Laurie Dawson was born and raised in SE Asia and has maintained strong ties to the region throughout her life. She has particular interests in working with ethnic minority communities in both Burma and Thailand, offering support to local foundations across a variety of issue areas, and she has a strong personal interest in the promotion of restorative justice and prison reform.
Kristine is an advisor for strategy and policy in Burma, ASEAN, and Northeast Asia.

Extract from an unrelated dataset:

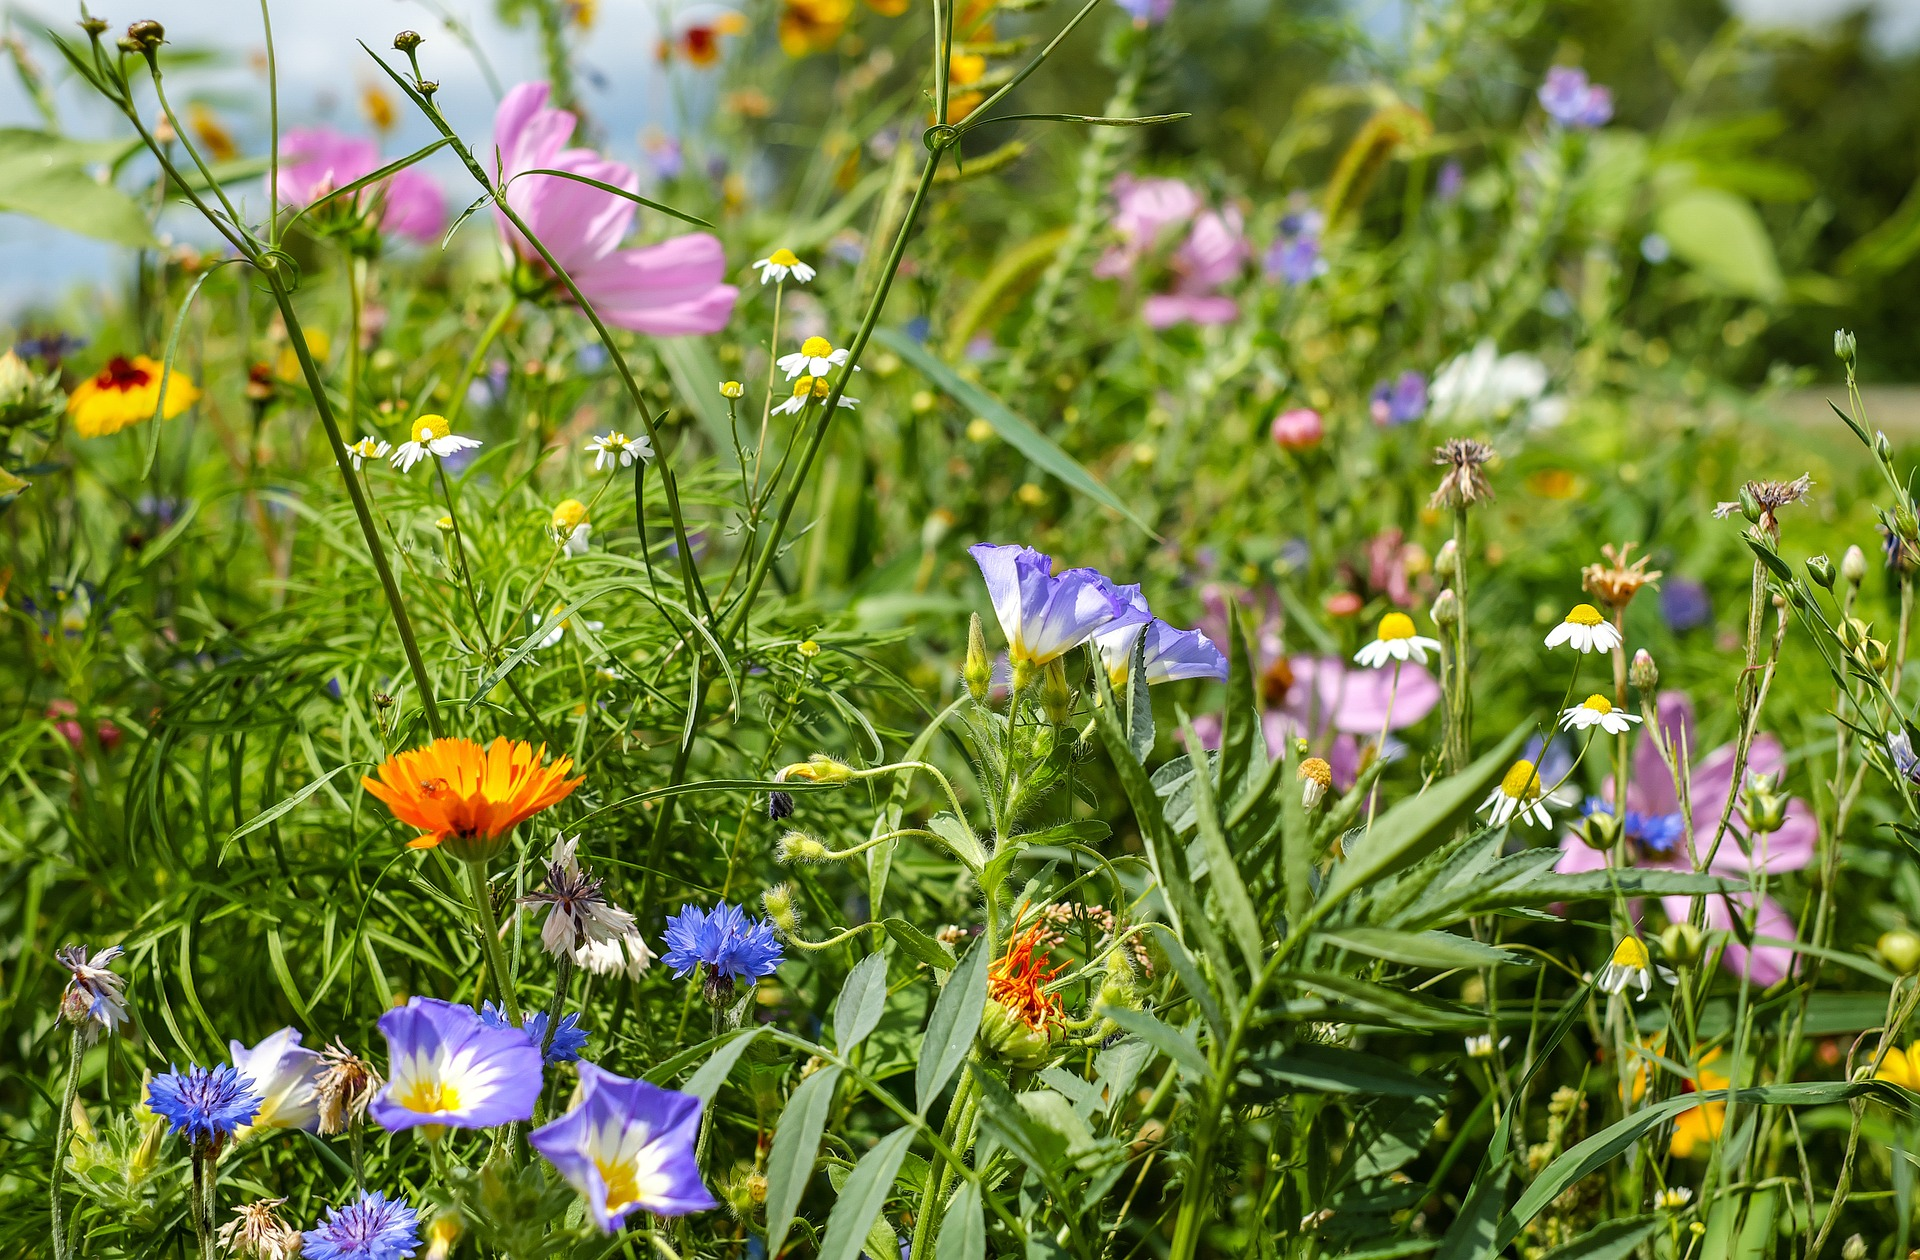 Blumenwiese field of flowers

Yee Mon Htun obtained her Juris Doctor specializing in international law. She was selected by women Nobel Peace Prize winners of the Nobel Women's Initiative to lead the first-ever international campaign to stop rape and sexual violence in conflict. She returned to Myanmar in 2012 hoping to contribute to law reform efforts aimed at strengthening rule of law. She served as the inaugural Director of the Myanmar Program for an international legal non-profit: Justice Trust. After four years spent advocating for human rights and training farmers, human rights defenders and activists, journalists and lawyers to affect change, Yee Mon Htun secured a position at Harvard Law School as a clinical instructor and lecturer on law in the school's International Human Rights Clinic.